In the simulation below we use a Welch t test to compare a sample of size $n_1=10$ from $\mathsf{Norm}(\mu=100, \sigma=30)$ with a sample of size $n_2 = 30$ from $\mathsf{Norm}(\mu=100, \sigma=15).$ The rejection rate is near 5%. [Simulations are in R. With 100,000 iterations, one can expect about two places of accuracy.]
set.seed(2020)
pv.wt=replicate( 10^5, t.test(rnorm(10,100,30),
rnorm(30,100,15))$p.val )
mean(pv.wt <=.05)
[1] 0.05324
If we try the same comparison with a pooled t test, then the rejection rate is nearly 16% leading to a substantial possibility of 'false discovery'.
pv.pt=replicate( 10^5, t.test(rnorm(10,100,30),
rnorm(30,100,15),var.eq=T)$p.val )
mean(pv.pt <=.05)
[1] 0.15614
A two-sample Wilcoxon (signed rank) test also rejects more than 5% of the time. Not as bad as a pooled test, but bad enough not to make the Wilcoxon test a good choice.
pv.wx=replicate( 10^5, wilcox.test(rnorm(10,100,30),
rnorm(30,100,15))$p.val )
mean(pv.wx <=.05)
[1] 0.09879
Poor power. Furthermore, keeping the same sample sizes and variances as above, we see that the Wilcoxon test has poorer power than the Welch t test.

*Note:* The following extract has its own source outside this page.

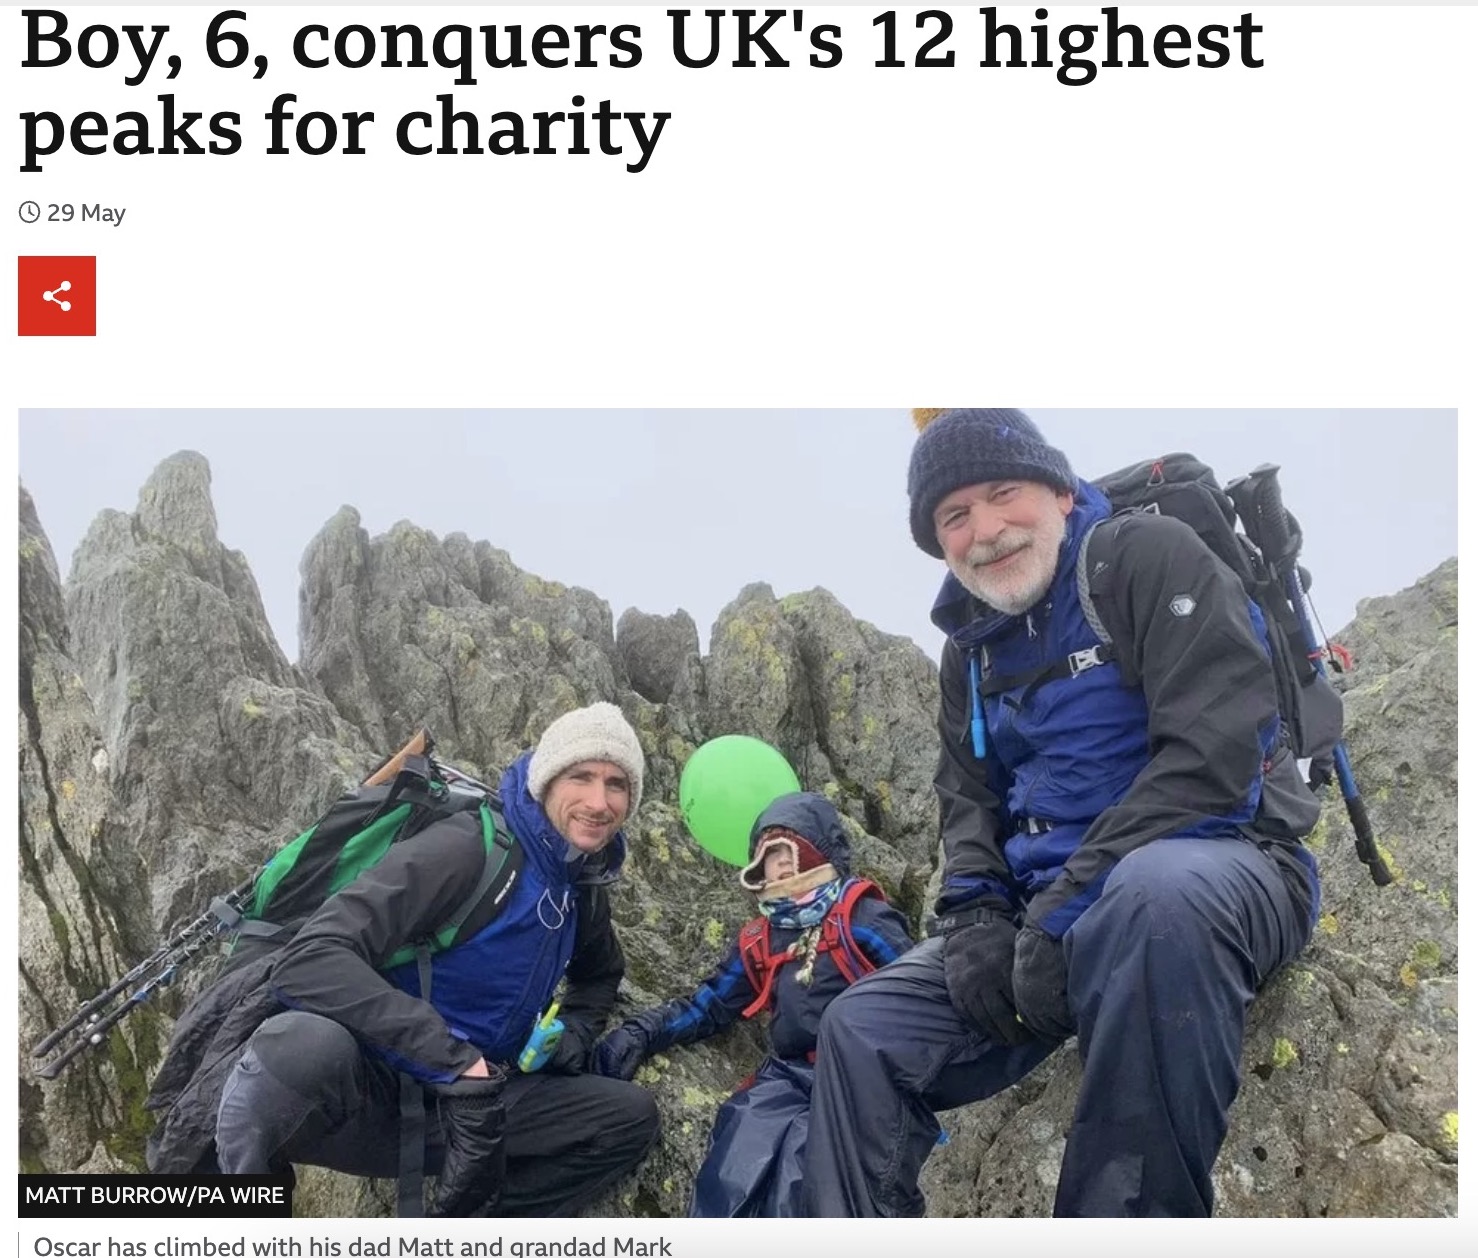 9か月の間にスコットランド、イングランド、ウェールズ最高峰を含む12の山を父親マットさん（左）と登頂したオスカー君。時には祖父マークさん（右）も同行したという（画像は『BBC　2023年5月29日付「Boy, 6, conquers UK’s 12 highest peaks for charity」（MATT BURROW/PA WIRE）』のスクリーンショット）
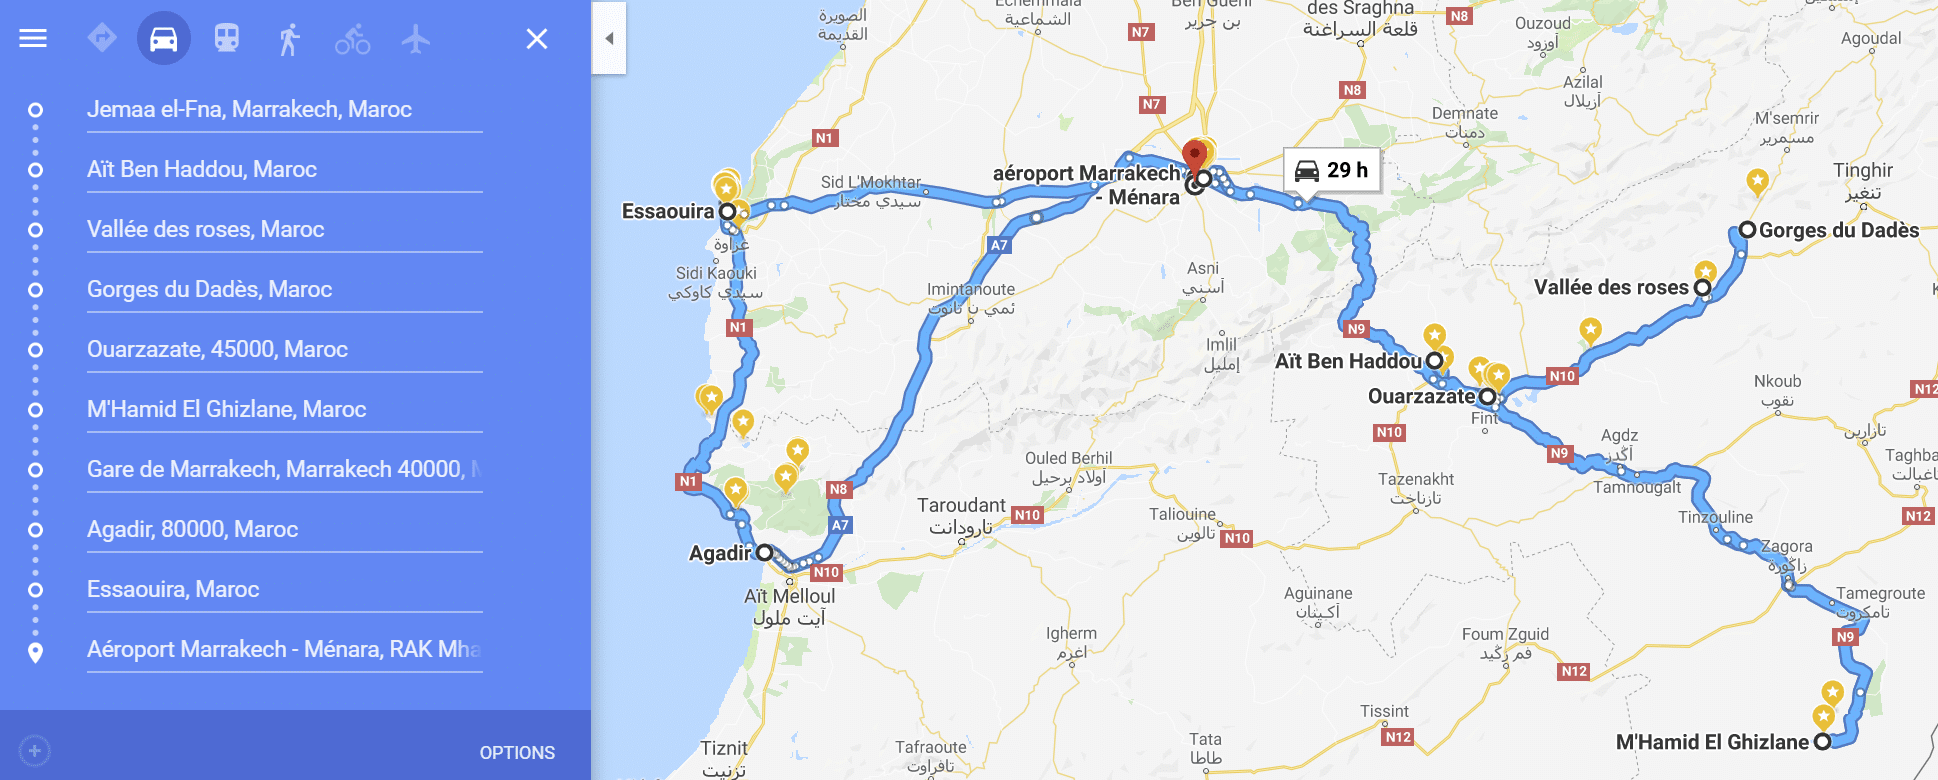 faire un road trip au maroc

Simulations below compare populations with $\mu_1 = 100$ and $\mu_2 = 125.$ Power is about 85% for Welch and only about 74% for Wilcoxon. (Thus, in spite of the Wilcoxon test's penchant for rejecting too often when $H_0$ is true it rejects less often than the Welch t test when $H_0$ is false.)
set.seed(703)
pv.pt=replicate( 10^5, t.test(rnorm(10,100,30),
rnorm(30,125,15),var.eq=T)$p.val )
mean(pv.pt <=.05)
[1] 0.85495
pv.wx=replicate( 10^5, wilcox.test(rnorm(10,100,30),
rnorm(30,125,15))$p.val )
mean(pv.wx <=.05)
[1] 0.73982
Generally speaking, for normal data, it is a bad idea to choose a nonparametric Wilcoxon test over a Welch t test as a way to deal with heteroscedasticity. (Ideally, a two-sample Wilcoxon test is used to detect a shift in location of two populations with similar shapes. Similar shapes implies equal variability.)
Note: The R procedure oneway.test implements
a one-way ANOVA with a Satterthwaite-Welch approximation that accommodates unequal group variances. For similar reasons, it should be used in preference to a nonparametric Kruskal-Wallis
test to compare means of three or more normal populations with possibly unequal variances.